This code is supposed to remove the a tag within the span within each div, but this fails on the second iteration ("ARGH!!") Is there something wrong with the remove function?
$html = str_get_html("
<div>
<span>
<a>DELETE</a>KEEP
</span>
</div>
<div>
<p>HELLO</p>
<span>
<a>DELETE</a>KEEP
</span>
</div>
");
foreach($html->find("div") as $item) {
$foo = $item->find("span", 0);
if($a = $foo->find("a", 0))
$a->remove();
else
echo "ARGH!!\n";
}
No... slowly walks away
Dammit, I was hoping to find a solution before anyone noticed.
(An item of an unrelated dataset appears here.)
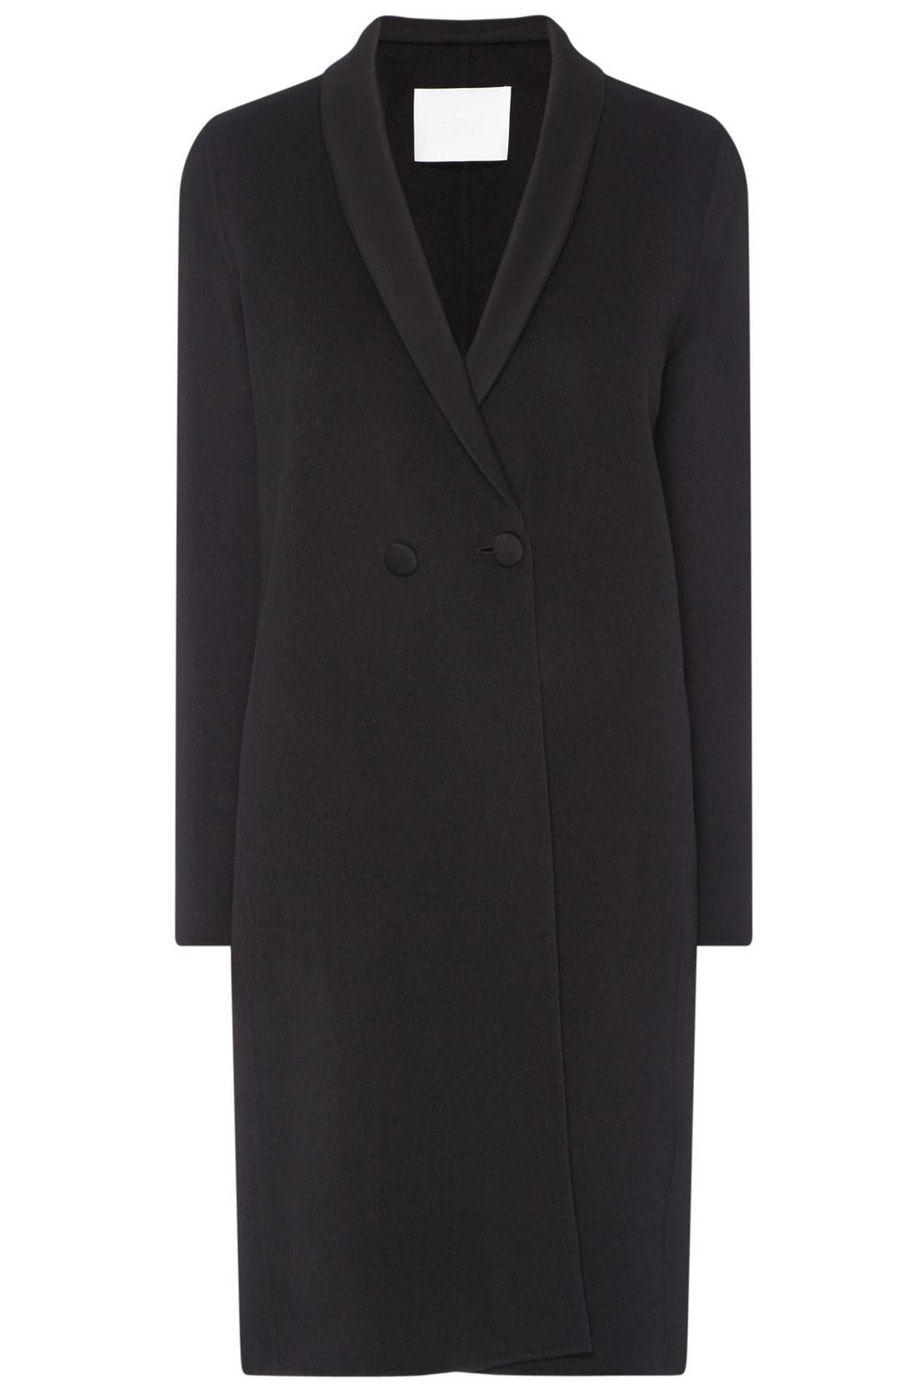 BOSS Hugo Boss Cortalea black tuxedo coat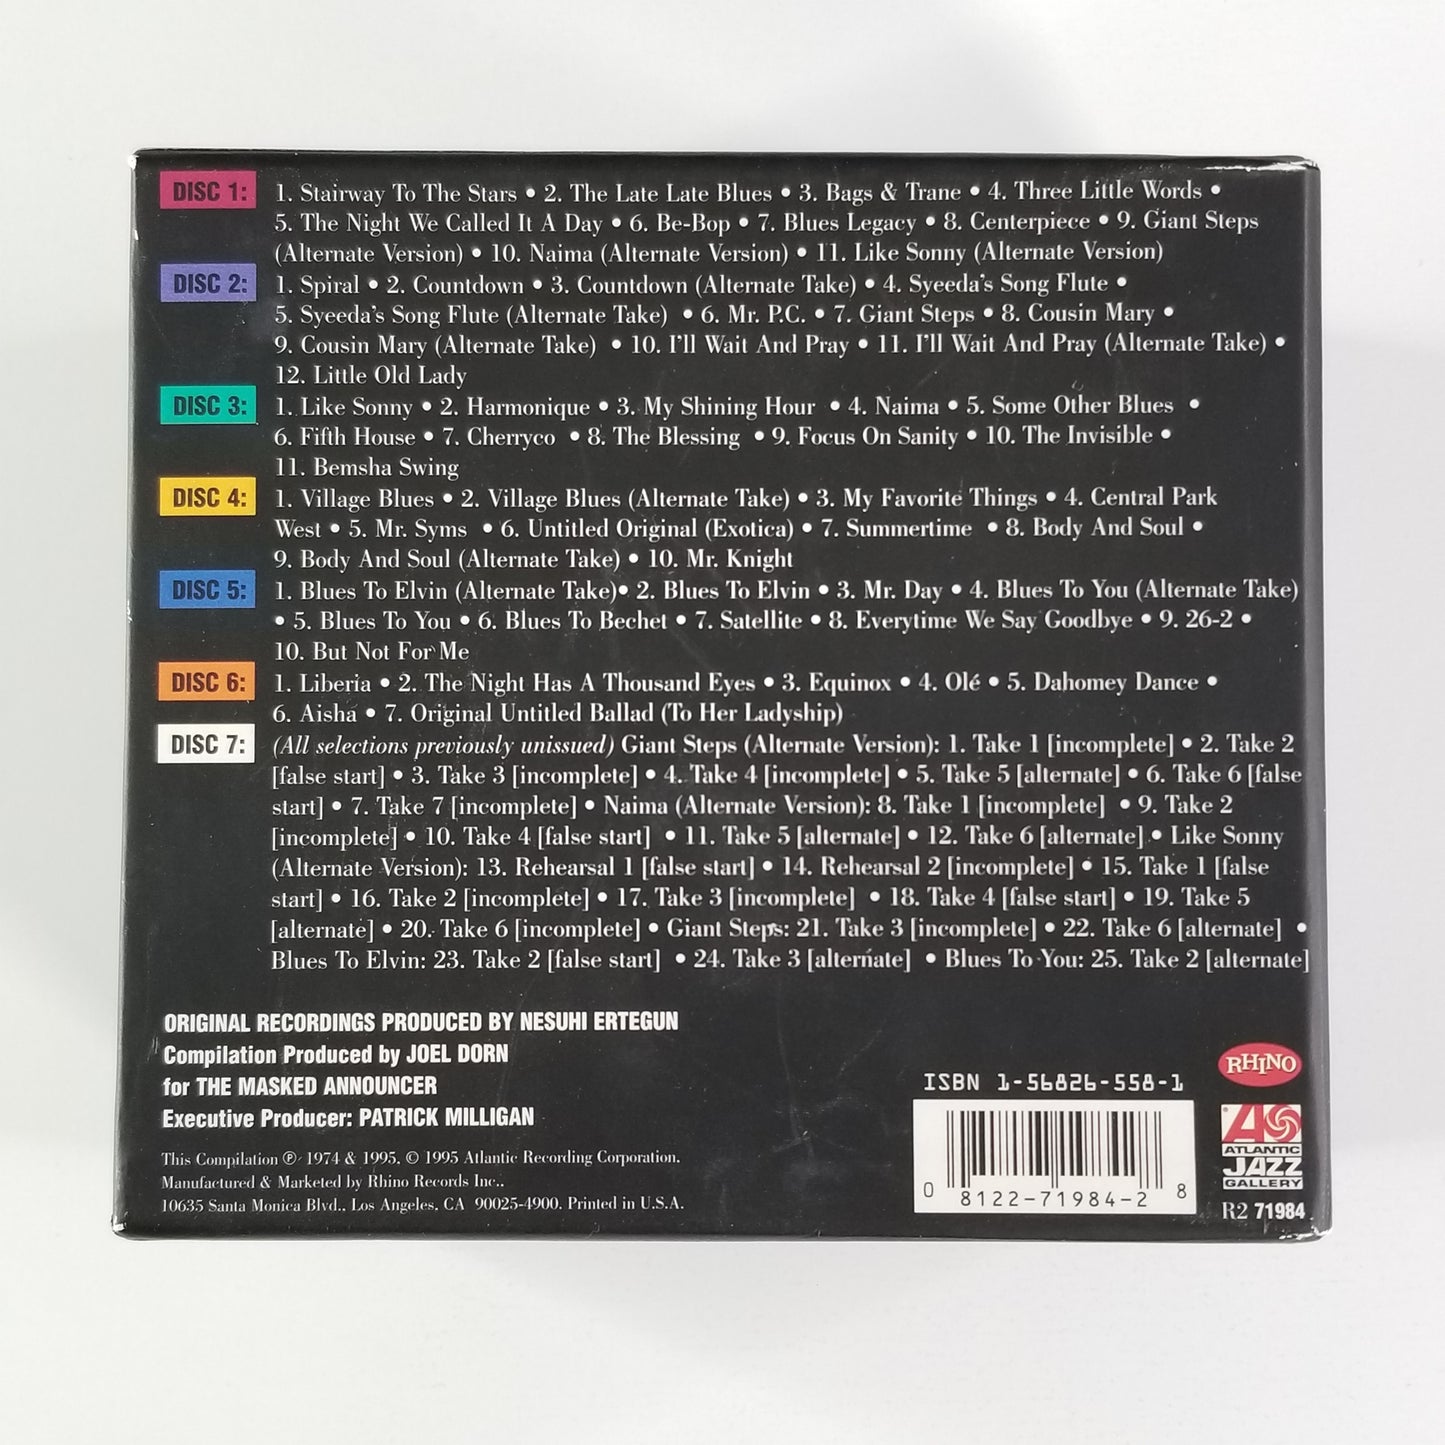 John Coltrane - The Heavyweight Champion The Complete Atlantic Recordings (1995, 7x CD Box Set) R2 71984

The remove function currently takes out elements from an array, which obviously makes it impossible to use indices to iterate over said array, unless you re-index the array using
array_values.However, unfortunately each node also stores the index of the closing element from the array, which means we can't simply use
array_valuesas all nodes must be updated as well or we need a different solution for indexing.This will probably take a while to find a solution for, sorry.
Noted. So
remove()must be used with caution, or not at all, until further notice.Yes, sorry about that. I'm currently working on getting better insight over the DOM tree to figure out a better solution. Here is an example:
The document
The tree before removing
.removeThe tree after removing
.removeYou can see that nesting and indices (numbers on the left) are incorrectly aligned. (the
paftertext: "Hello, World!"is one level too low. This totally breaks find operations after removal.You can still use the remove function but you need to save and load afterwards until this is fixed.
Your issue as well as a few others that weren't detected before are fixed in master. Let me know if you find more issues related to this.
I can confirm that my enclosed example doesn't scream "ARGH!!" anymore. Sounds like you had a good understanding of the problem. I'll let you know if I run into similar issues.
Hi, I faced the same issue ( 1.9-dev branch ).
I fixed it locally and then compared it with the master branch.
As I see it is fixed with
array_intersect()but there is one morearray_slice()call that will cause the same problems in some cases (for selectors with~).So it's needed to be changed too. :)
Last edit: atomeek 2020-03-23
Can you provide an example that reliably fails in current master and is fixed by this change?
I would like to add more tests for this to ensure it doesn't break in the future.